◆ Task to carry out ◆
Only the lines from the one that includes "10 tolle Geschenkideen" through the last line below belong in the reply, copied exactly and without pictures.

◆ Data segment ◆
[Start of Attachment]
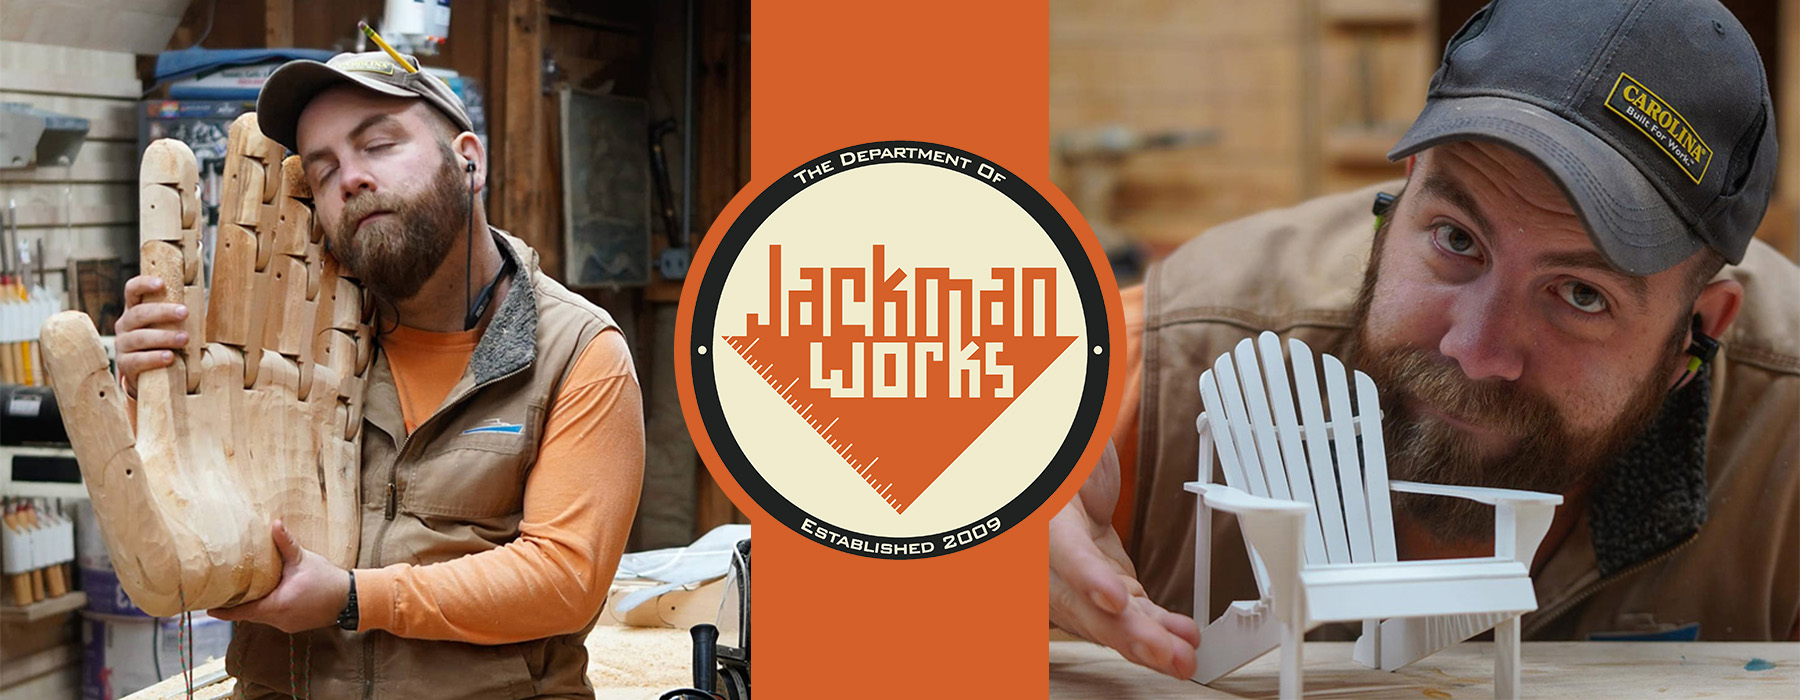 Jackman sostiene una gran mano de madera y posa junto a una silla de jardín en miniatura. Logotipo de Jackman Works: Departamento de Jackman Works, establecido en 2009.
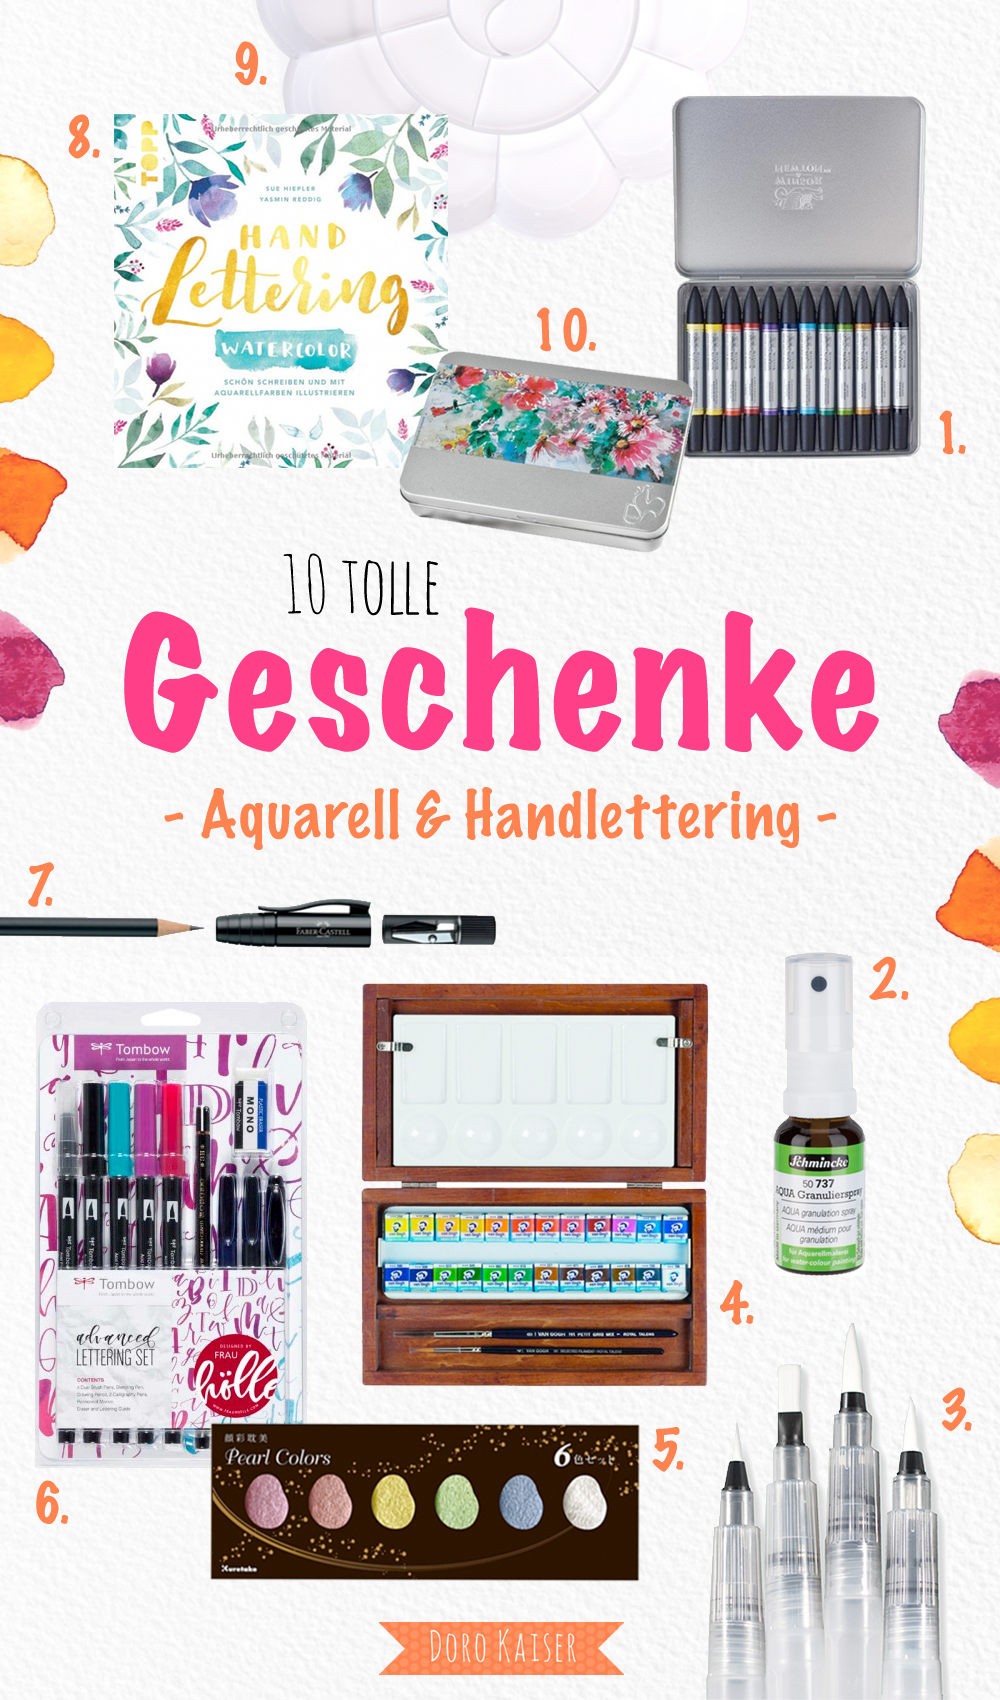 10 tolle Geschenkideen - Geschenke für alle, die Aquarell und Handlettering lieben | www.dorokaiser.online.de
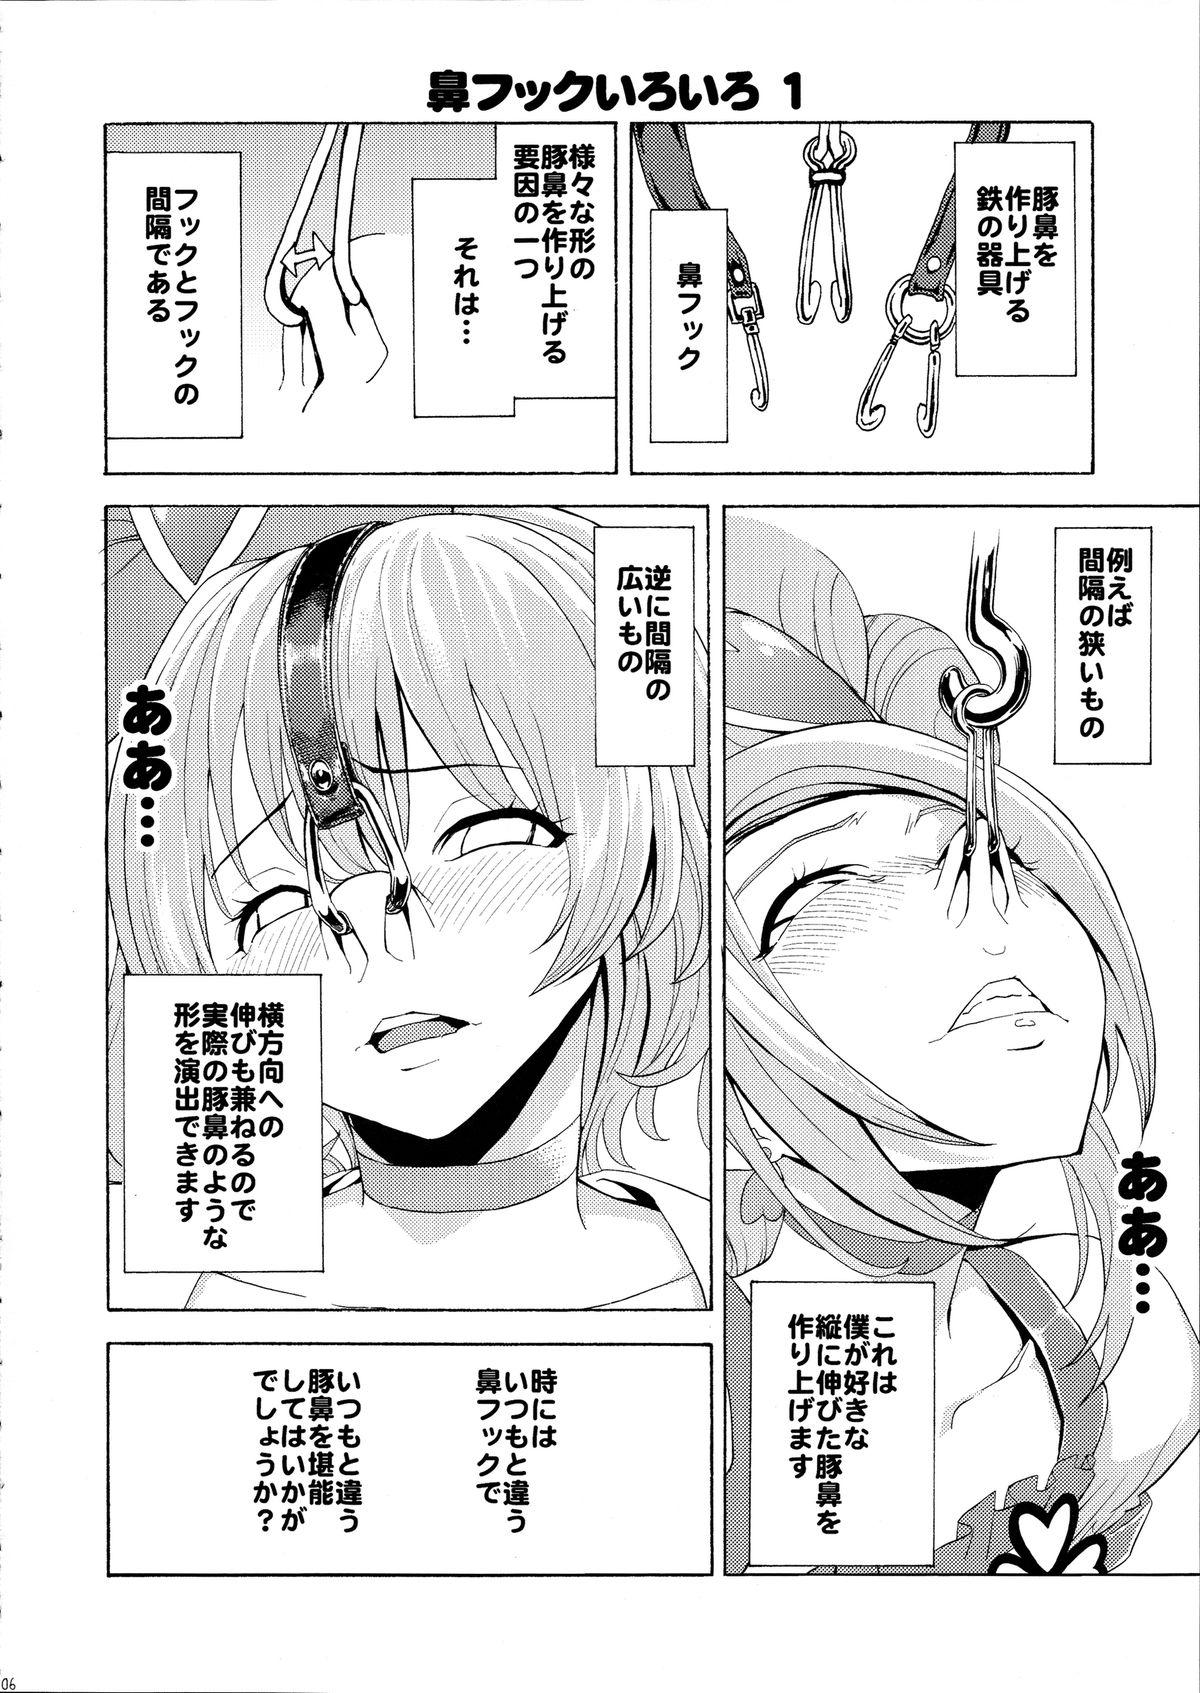 Travesti Hanazeme no hon sono 2 - Vocaloid Love plus Guyonshemale - Page 6
[End of Attachment]
◆ Task answer ◆
 10 tolle Geschenkideen - Geschenke für alle, die Aquarell und Handlettering lieben | www.dorokaiser.online.de
 Travesti Hanazeme no hon sono 2 - Vocaloid Love plus Guyonshemale - Page 6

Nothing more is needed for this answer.